# How to find the escape speed of moon Titan?

1. Nov 17, 2013

### Remon

1. The problem statement, all variables and given/known data

Saturn’s moon Titan is the only moon in the solar system with an atmosphere, which is 95% nitrogen molecules (N2), similar to Earth’s atmosphere. At Saturn’s distance from the Sun, the temperature of the atmosphere is only 95 K (−180 C), and the molecules have an average speed of about 0.4 km/s. How does this speed compare with the speed needed for the molecules to escape from Titan and evaporate into space? Show how you got your answer.

(A) 0.01 × Titan’s escape speed
(B) 0.07 × Titan’s escape speed
(C) 0.15 × Titan’s escape speed
(D) 0.5 × Titan’s escape speed
(E) 0.95 × Titan’s escape speed

2. Relevant equations

Sorry, there are no equations in the text or the notes... the professor simply gave us nothing to work with which is why I'm asking you guys
But I looked up online and found the formula for escape speed: Vescape = √(2GM/R), although I don't think it even applies to "atmospheres" since their mass is almost nonexistent

3. The attempt at a solution

I know that titan's escape speed is 2.65 km/sec so I divided 0.4 km/s by 2.65 km/sec and got ≈ 0.15 but I obviously need to show my work so how can I come up with Titan's escape velocity so I can compare it to its atmosphere's speed?

2. Nov 17, 2013

### cepheid

Staff Emeritus
Remon,

That is the correct equation for escape speed (at a distance R from the centre of the planet). You can derive it by saying kinetic energy = gravitational potential energy, and solving for v.

If you do that, you will see that the "M" that appears in that equation is the mass of the planet or moon, not the mass of the escaping object. It's the planet or moon's gravity (potential well) that the object has to escape from, which is why its mass comes in.

3. Nov 17, 2013

### Remon

Hi, thank you for replying back. I tried using Vescape = √(2GM/R) but I got much bigger numbers (in the 1000s) when I'm actually suppose to get ≈ 2.65 km/sec, I also tried to play around with the units a bit. Here's what I did:
I know that G = 6.673 × 10-11m3kg-1s-2, MTitan is supposedly 1.3452 x 1023 kg and R is Titan's radius (2,575 km) + 975 km (because its atmosphere is ≈ 975 km above its surface), therefore R is 3550 km (I also tried using 3550000 m in the equation instead to see if I get the right answer... but I didn't).
Most of these numbers I found online because once again, there's absolutely nothing in the textbook and my lecture notes to help me with this question (great education system right?) aside from a small fact stated in the textbook: Titan's atmosphere is "extending hundreds of kilometers above the surface." (which is I guess somewhat close to the 975 km I found on wikipedia... yeah, wikipedia).

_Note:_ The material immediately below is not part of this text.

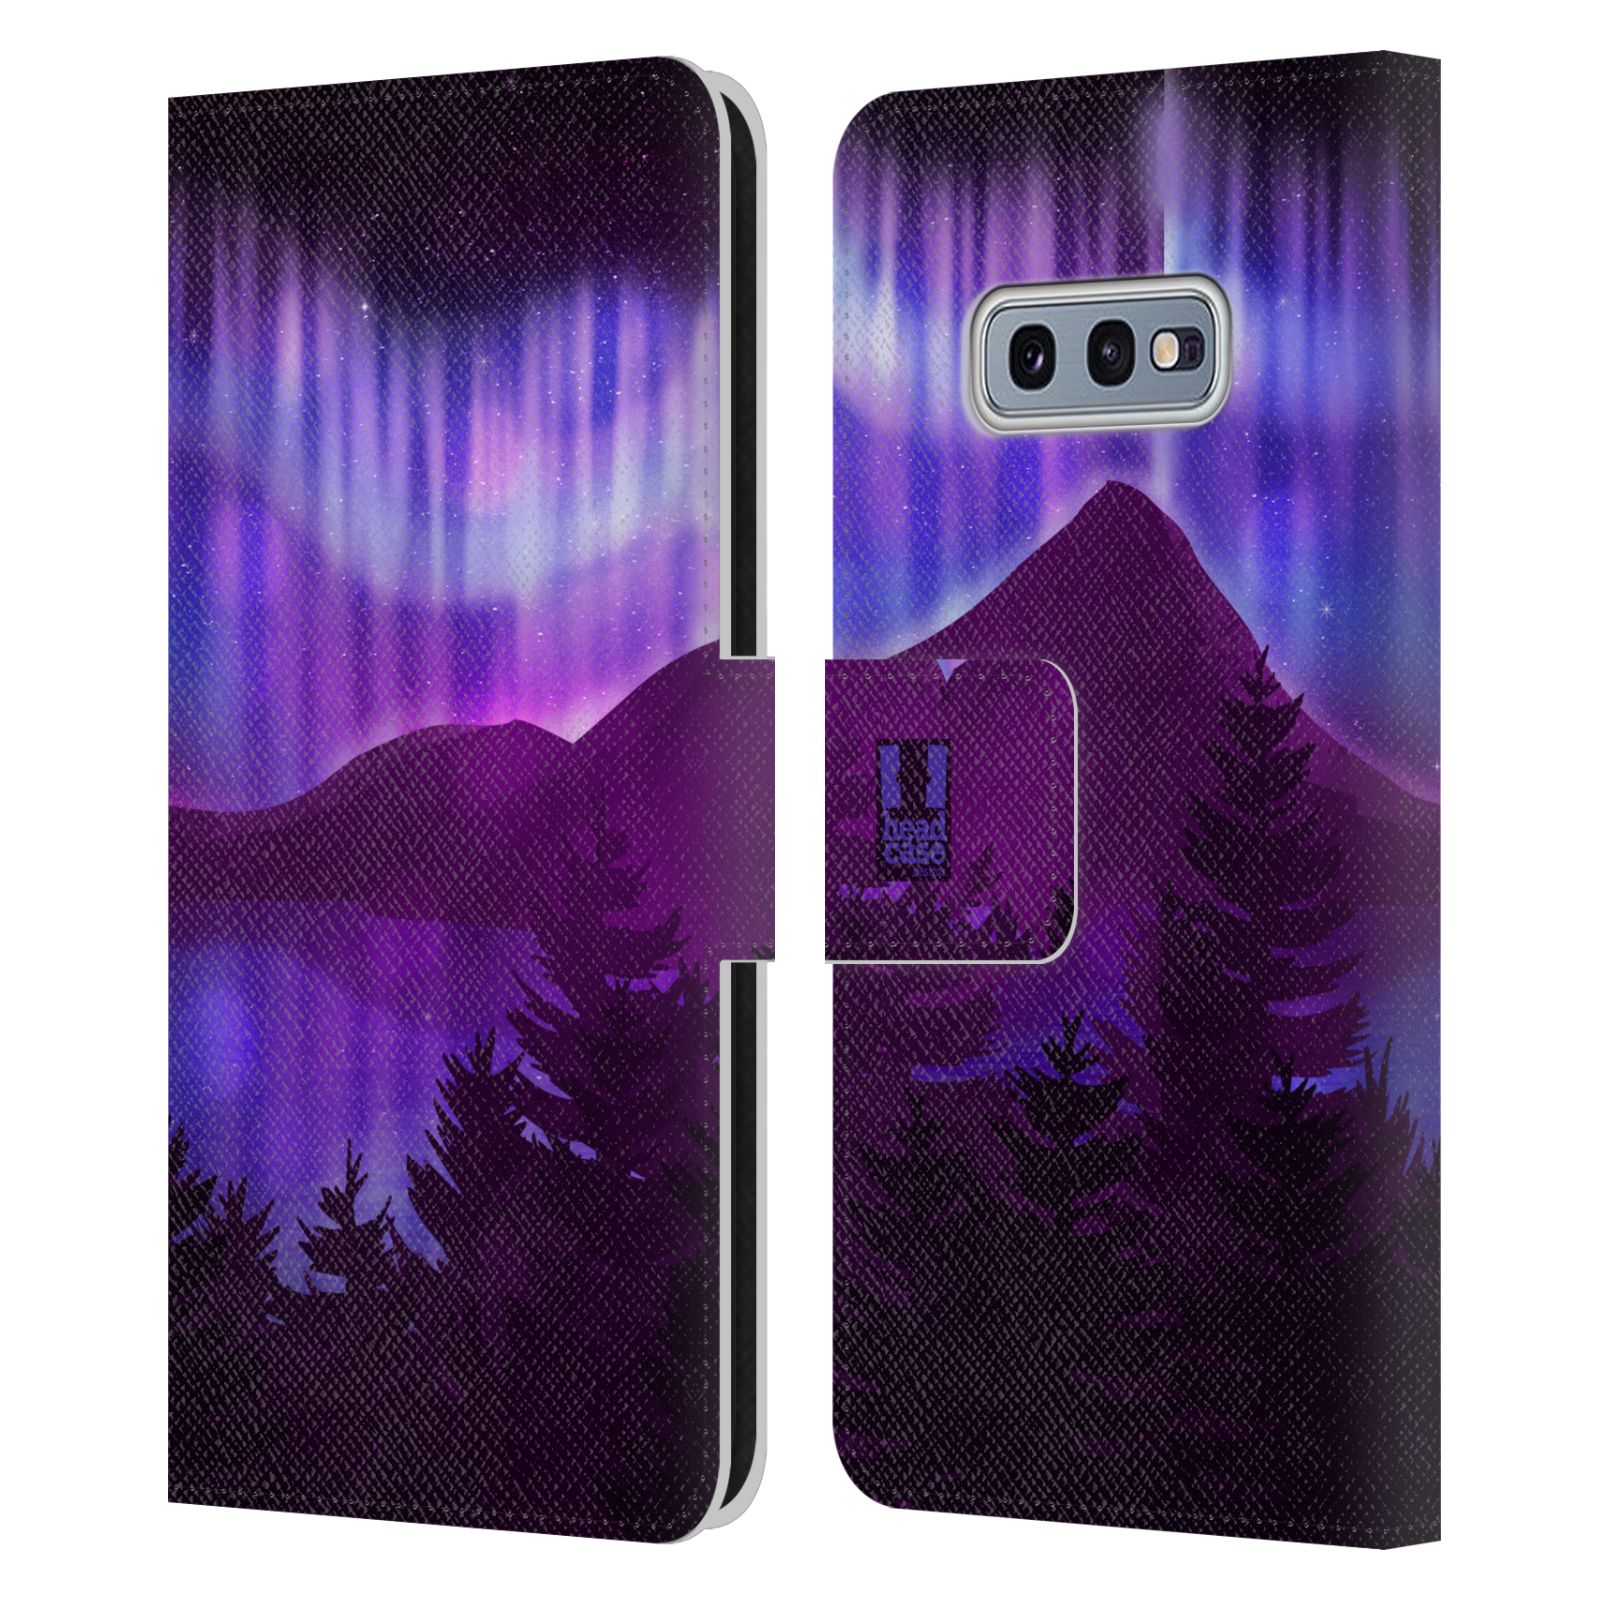 Pouzdro na mobil Samsung Galaxy S10e  - HEAD CASE - Hory a lesy fialový odstín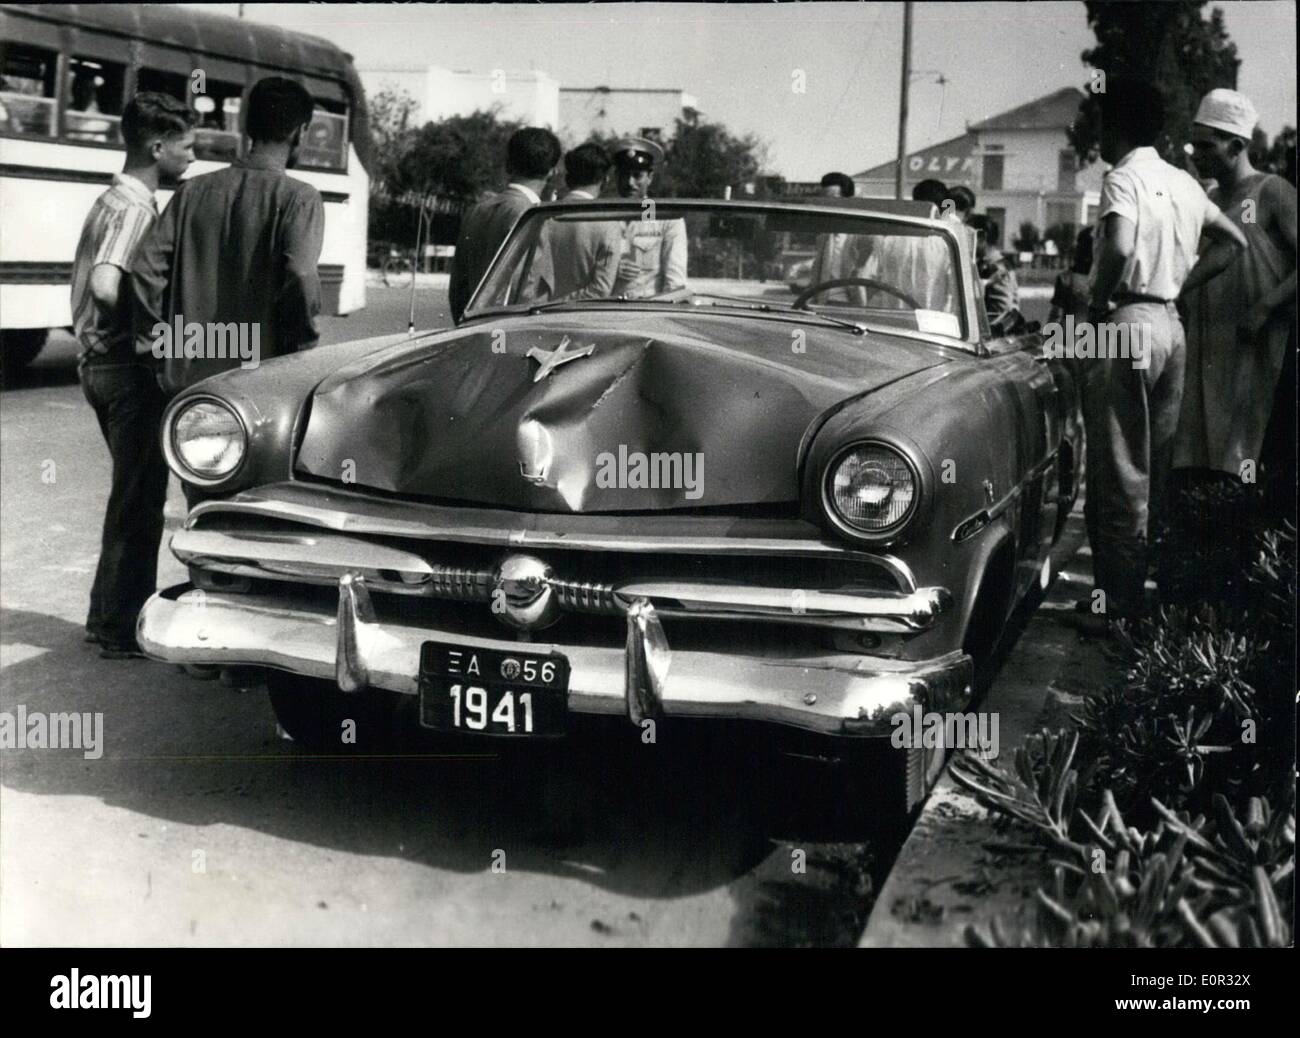 Enero 01, 1958 - El coche de veterano de las Fuerzas Aéreas de Estados Unidos el sargento. Mouzali en los que puede haber visto los daños causados cuando el coche Foto de stock

Any further help would be greatly appreciated, thank you again.

Last edited: Nov 17, 2013
4. Nov 17, 2013

### SteamKing

Staff Emeritus
You must understand and pay attention to the units in your calculations. They are not ornamental irritants intended to confuse the unwary physics student, but important parts of the calculation.

If you had done a dimensional analysis of your formula with the data used in your calculations, you would have seen that the escape velocity obtained is in meters/sec, not km/sec. Also, the magnitude of the escape velocity depends on the distance from the body. When you see that such and such a body has x escape velocity, it means the escape velocity at the surface of the body, unless specified otherwise.

5. Nov 17, 2013

### haruspex

Sorry to be pedantic but I don't think dimensional analysis cares about units, only dimensions, like mass, length, time, charge... But I wholly support your exhortation to track units through the equations.

6. Nov 17, 2013

### Remon

Ok, after a full page of calculations and explanations, I finally reached an answer of ≈ 0.18, which I'm hoping for it to be close enough to 0.15 because that's the answer that made sense in my first post, so I chose 0.15 (the difference was that the escape speed for Titan that I got was 2.249 km/s where the actual escape speed is 2.65 km/sec, I'm hoping that this difference is simply caused by the approximation of decimals, etc. and not a significant one). Hopefully this is right and thank you guys

7. Nov 17, 2013

### haruspex

Fwiw, I get 2640m/s (so 0.15) using the potential at the surface. If I were to take the top of atmosphere I would obviously get less, so I don't know how you got 0.18 as the fraction. Sounds like a bit more than just rounding error.